The EU needs to detail a 'Ukraine strategy' free of empty promises

Frankly Speaking

Peace, Security & Defence

Picture of Giles Merritt
Giles Merritt

Founder of Friends of Europe

Giles Merritt examines the strong case for further EU enlargement, and also warns of the potentially destructive pressures it would generate.

What sort of European Union lies ahead? It’s tempting to think that it will be larger and more powerful – after all, the ‘Big Bang’ enlargement chiefly towards central and eastern Europe helped turn the EU from a trading bloc into a key geopolitical player.

But this could be a dangerous assumption as further growth looks fraught with peril. Arguments over the pros and cons of admitting Ukraine and a string of fractious Balkan nations now loom over the EU’s already daunting agenda.

The problem isn’t only the parlous state of the candidates. It’s also that another enlargement could make the EU’s political architecture unstable enough to collapse. A telling comment on integration by the late French cartoonist Jean-Jacques Sempé comes to mind. He drew the leaders of the original six EEC members seated at a roundtable and all asking a waiter for “just a coffee, please”.

In the next frame they number fifteen and each is requesting a different brew.
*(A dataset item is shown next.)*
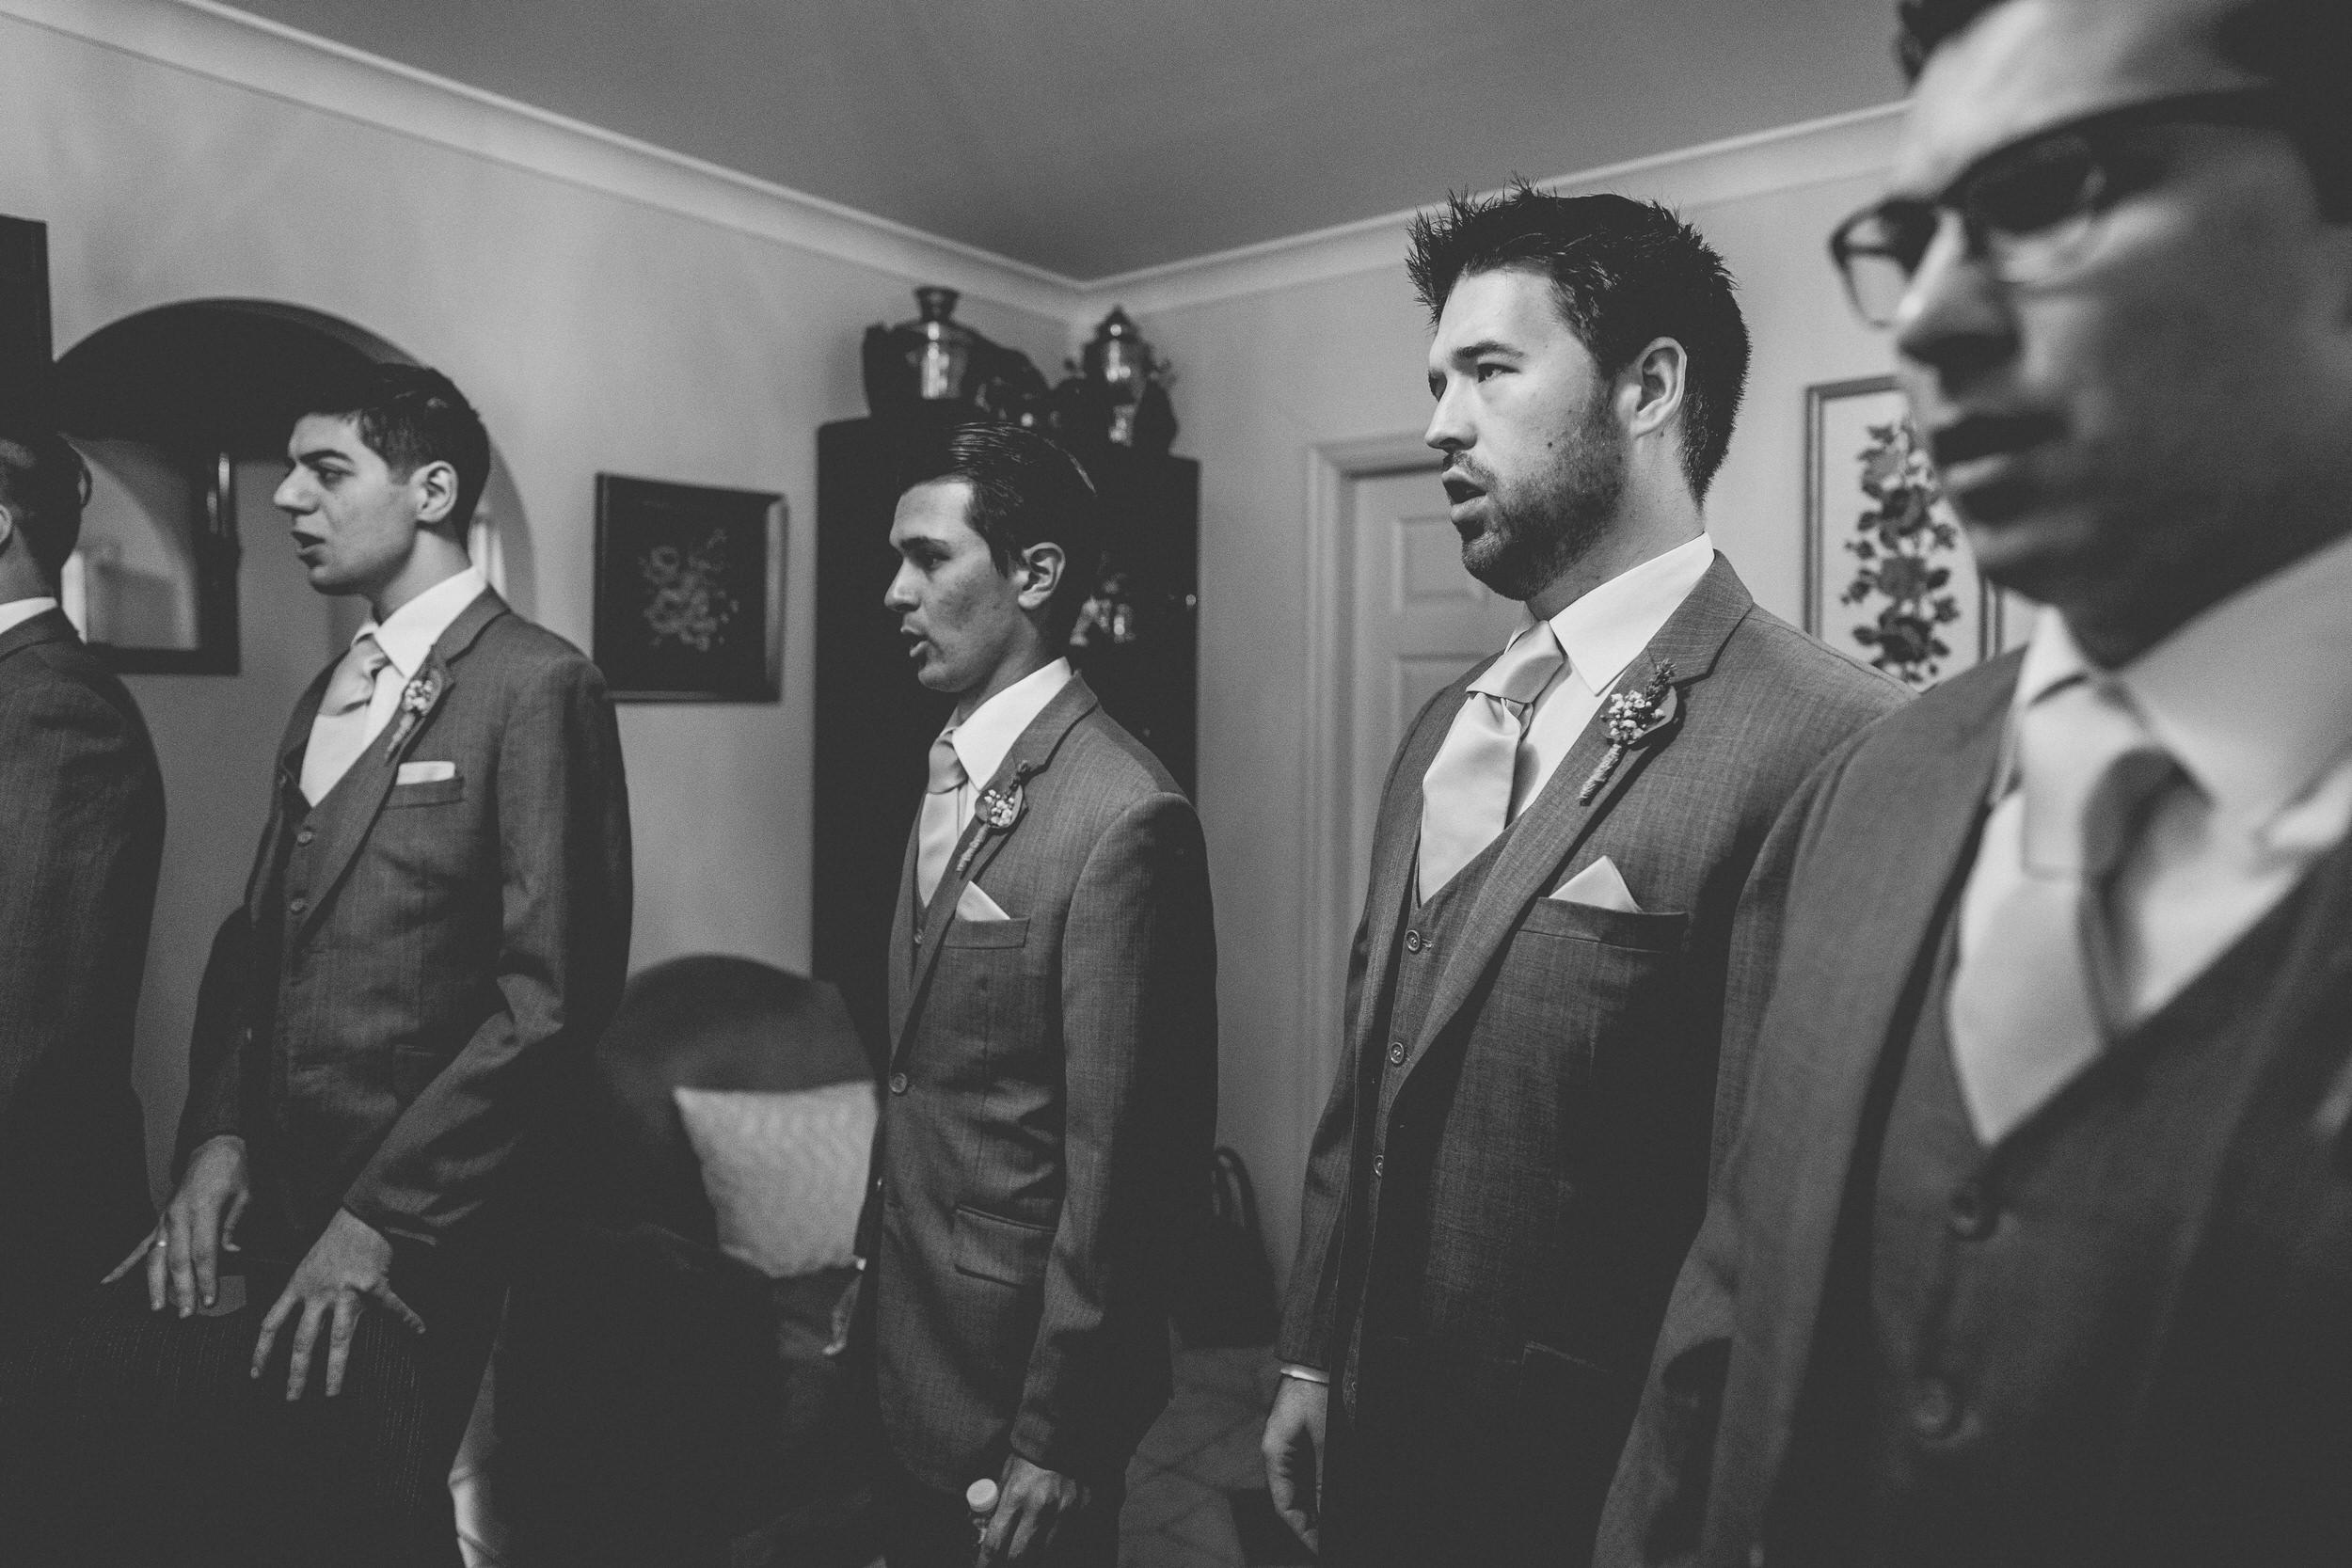 orthodox wedding customs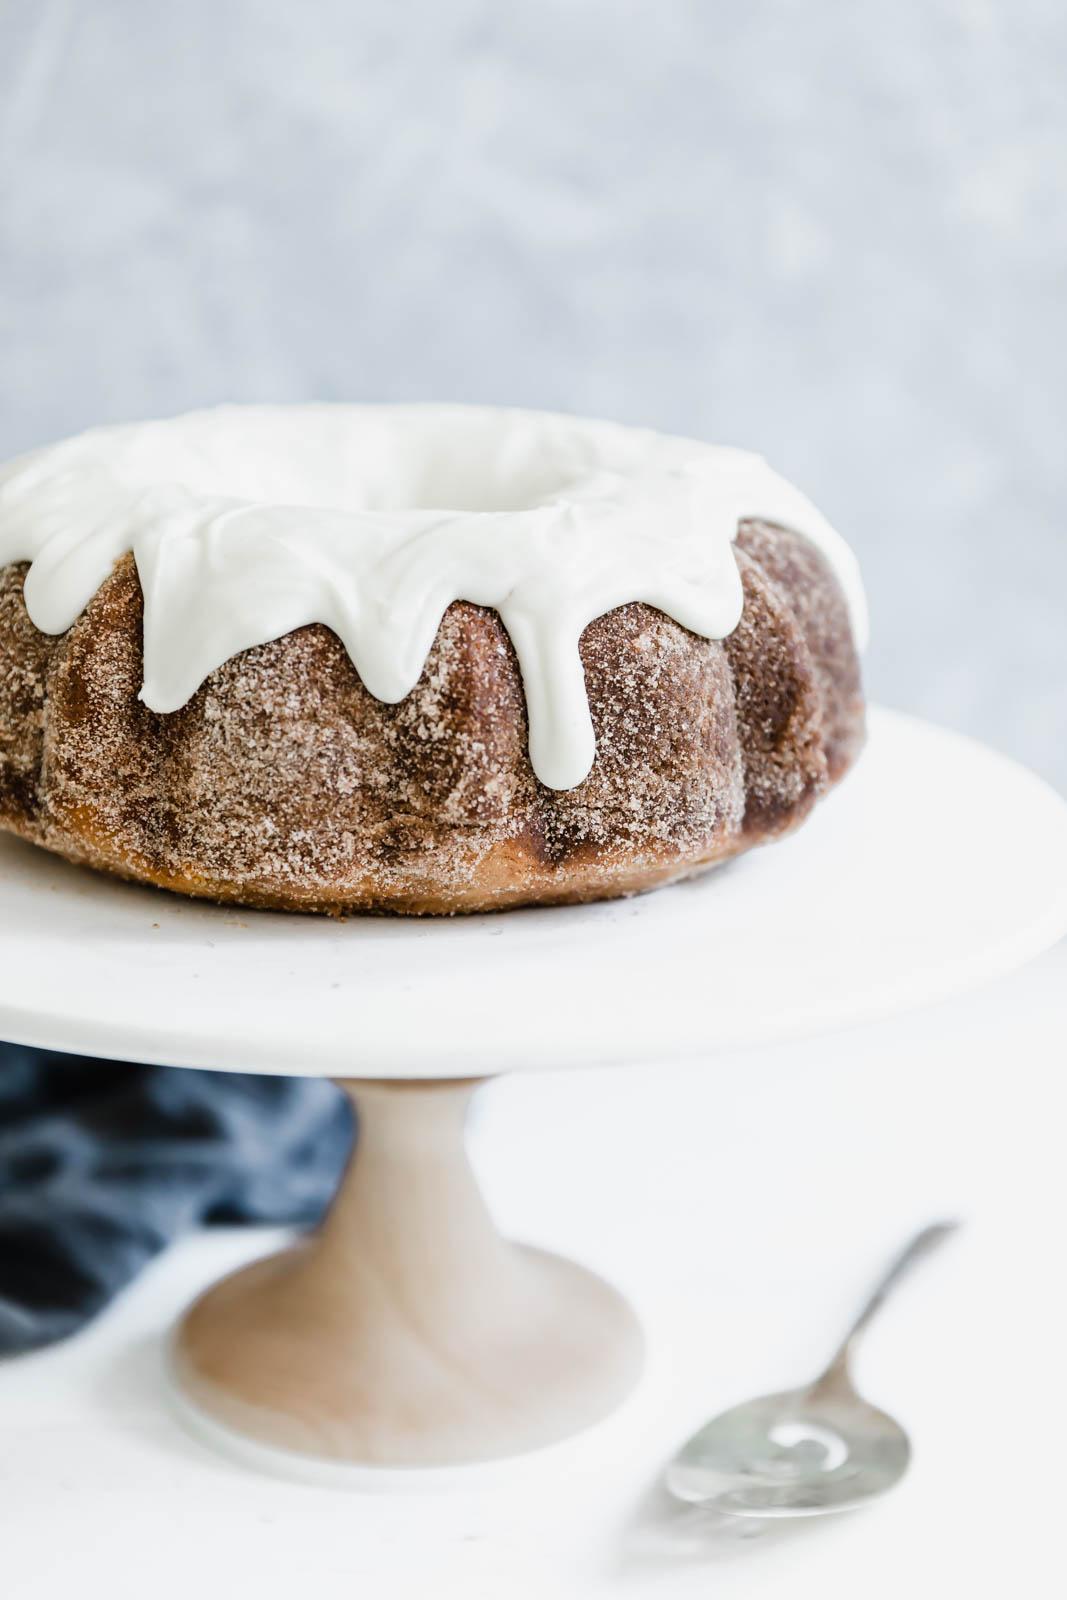 Cinnamon Bundt Cake on a cake stand

That was some thirty years ago. Now, at 27, the European Council still manages its members’ demands surprisingly well, but what would it be like with 36?

Bringing in Ukraine and others would mean a revolutionary re-think of the EU’s priorities, procedures and institutions

Ukraine is the latecomer of the nine hopefuls wanting to join the EU. But accepting it even as a candidate with years of negotiation ahead poses major difficulties. And then there’s Albania, Serbia, Kosovo, Montenegro, Bosnia & Herzegovina, North Macedonia, Moldova and Georgia.

Russian president Vladimir Putin’s war against Ukraine and his aggressive stance towards Europe has made these countries’ EU ambitions a security need as much as an economic goal. It would be hard – even foolhardy – for the EU to ignore these enlargement pressures and pull up the drawbridge. Yet bringing in Ukraine and others would mean a revolutionary re-think of the EU’s priorities, procedures and institutions.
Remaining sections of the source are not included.